Читаем Феномен Евгении Герцык на фоне эпохи полностью

Вместе со всем Серебряным веком Евгения напряженно размышляла над «проблемой пола». Ее искания здесь следовали установкам Иванова: мистагог ратовал за полное и, так сказать, имманентное раскрытие в человечестве женского начала, подавляемого всяким вмешательством «мужественности» («О достоинстве женщины»). Не случайно соответствующие идеи Евгения излагает именно в письме к Иванову: «Только Вами и моей любовью порождено это знание». Данное письмо 1910 г. – предельно откровенное, кенотически-исповедальное – созвучно ивановским представлениям о новом матриархате. Евгения в нем заявляет о своей «вере в тайну женскую, которая не вся раскрыта, которая раскрывается через нас, живущих, и раскрытие которой – для всего мира, потому что каждое новое большое восхождение совершается через новое в женщине». Общечеловеческий – надгендерный, так сказать, пафос христианства, Павлова убежденность в том, что для человека «во Христе» – в Церкви как Христовом Теле, пол утрачивает свою антропологическую ценность и власть, отрицались новым религиозным сознанием. Восходящую к «религиям бытия» ивановскую языческую интуицию Евгения хочет христианизировать: ссылаясь на преподобного Серафима (у него богоискатели Серебряного века находили порой подтверждение самым своим фантастическим идеям[883]), она признает в будущем «новую святость, женскую» и себя относит к ее первым ласточкам. Евгении 32 года, но по-женски она не определилась – «ни страстная любовница, ни монахиня, ни мать, ни артистка». Однако никакой ущербности от этого она не ощущает: «Дни мои полны, и всегда я в милости хожу, как настоящая женщина». И эту свою идентичность «Царь-Девицы» – глубокое чувство личного женского достоинства, связанное с целомудрием и всегдашней высотой помыслов (а отнюдь не с «феминизмом» по Иванову и Зиновьевой), Евгения хочет конципировать с помощью представления о новой женской святости, предвестником которой для нее было монашество бенедиктинок и намек на которую Евгения год спустя найдет в Обители великой княгини. «Я крепка теперь священным и ответственным сознанием и моей нужности миру, – делится она с Ивановым “последними”, глубочайшими для себя вещами. – Знаю, что и одиночество мое, и безбрачие нужно для того, чтобы во мне зрело не прежнее, монашеское, и не древнее, когда была мощь у женщины, а это новое, желанное»[884].

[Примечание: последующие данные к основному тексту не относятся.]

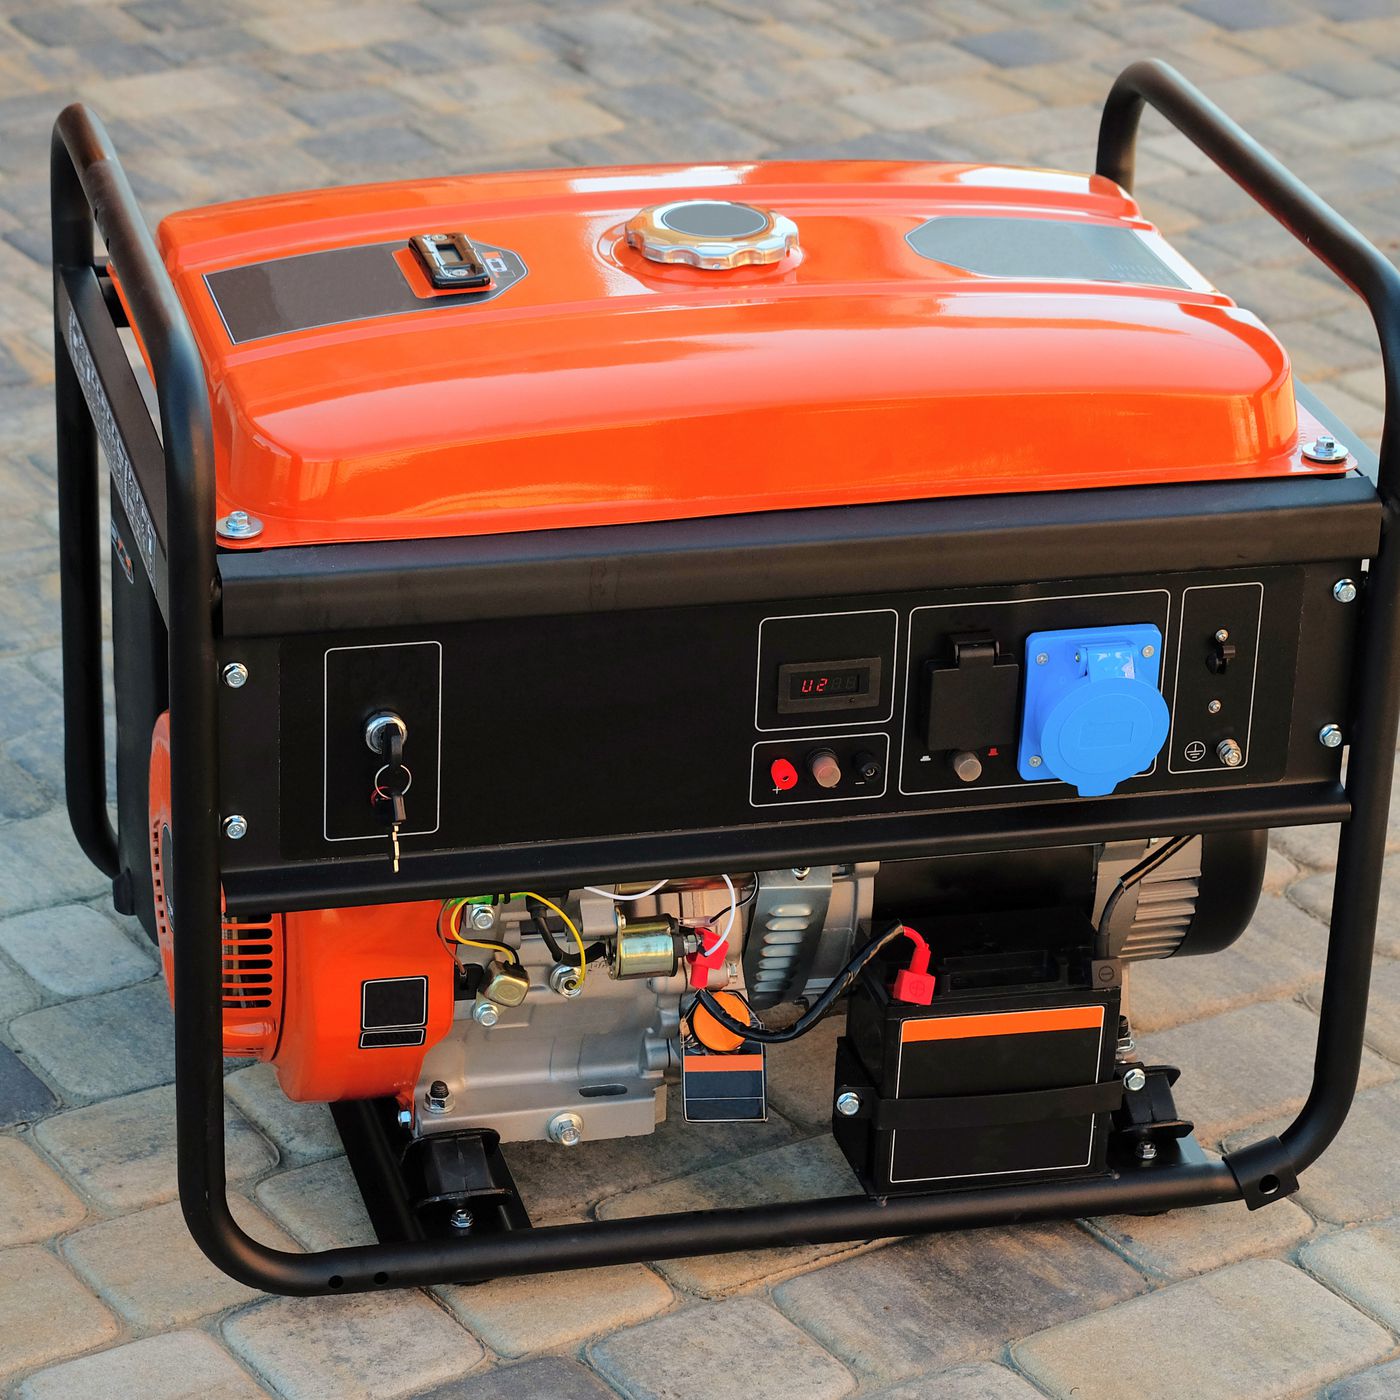 Advantages Of Buying A Used Inverter Generator

Более поздние дневниковые запись Евгении уточняют ее «женский» церковный путь. Дабы прийти к себе самой, она искала свой высший прообраз в евангельской мистерии. Все же не только с Марфой и Марией она мистически соотносила себя: свою любовь она возводила к материнской любви Богородицы; дева, она свой Идеал искала в Деве Пречистой. Идея семьи, материнства, детства, младенчества вообще была одной из главных для Герцыков; игра, дитя, колыбель – не только ключевые образы стихов и прозы Аделаиды Герцык, но суть и парадигмы ее жизненного строя[885]. Евгения же, не будучи матерью, пыталась концепт материнства постичь глубинами души, приобщив его к Богоматеринству Назаретской Девы. «Вернулась из церкви (судакской Покровской) – вот, вот тайна блаженная наша: пока Христос дитя, я – мать. Потому колыбельна так церковь»[886]: Евгении кажется, что вот она поймала свою церковную интуицию, на мгновенье мистически отождествившись с Богоматерью. В другом «уловлении» ее опыт расширен – «материнство» восполнено более для нее понятным «детством» (учитывая «Отче наш», это общехристианская, а не просто «герцыковская» интуиция): «Я прихожу туда (в храм) из своего восхождения как Мать любить Христа испепеляющей любовью, любовью колыбелящей, баюкающей; и вот уже я – дитя, я неведуща, я тянусь губами к Чаше»[887]. Эти образы желаннее Евгении, чем монашеский Крест, на котором «распинается» подвижник и которым он «распинает» мир: таинство – «Чаша» – не чуждо чтимой ею языческой «Земле», ибо соединяет тварную природу с Богом. Посредством этих образов Евгения одолевает внутреннюю бездну, спасается от ведомого ей инфернального страха. «Земля, Чаша, дитя – это Отец, Мать, Тот же, кто в другом своем лике – Ungrund и ужас», – Евгения имеет в виду двуликое божество манихеев. В ней, христианке, сохраняется ницшевски-бердяевский порыв «по ту сторону добра и зла»; у Мережковского он конципирован в сходном представлении о двух равноценных «безднах»… Зла, понятого как дьявол, ад, вечная гибель, – тем более зла, сопряженного с полом, религиозность Евгении, кажется, не признавала.